Once we have decided which one to use, then let’s create a select statement using Window function syntax. We partitioned the table into firstly with CLASS and secondly with GENDER. In query, it can be expressed as
SELECT CLASS, GENDER, AGE, MEMBER_ID,
ROW_NUMBER() OVER (PARTITION BY CLASS, GENDER ORDER BY AGE) ROW_NUM
“ROW_NUMBER OVER (PARITION BY CLASS, GENDER)”
FIGURE 1. FIRST PARTITIONING BY CLASS (Notice the red boxes)
FIGURE 2. SECOND PARTITIONING BY GENDER (Notice the blue boxes)
And then, order them by age
“ROW_NUMBER OVER (PARTITION BY CLASS, GENDER ORDER BY AGE)”
FIGURE 3. ORDER BY AGE (Marked with black arrows)
If you look at the second blue rectangle from the top, these three members (55864, 54312, and 58512) have the same class and gender values. In this case, even if you sort them by their age, they could not be distinguished from one another because they have been partitioned only by CLASS and AGE, but not by any unique value.

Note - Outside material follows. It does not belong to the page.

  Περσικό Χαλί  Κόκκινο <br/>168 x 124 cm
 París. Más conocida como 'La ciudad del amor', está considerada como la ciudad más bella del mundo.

If you face this situation with either small amount of data or no materialization (materialization happens switching among different engines), the query result could manage to stay the same no matter how often you execute the query. Yet, if your situation doesn’t belong to those cases mentioned above, please be informed that you may experience non-deterministic query result.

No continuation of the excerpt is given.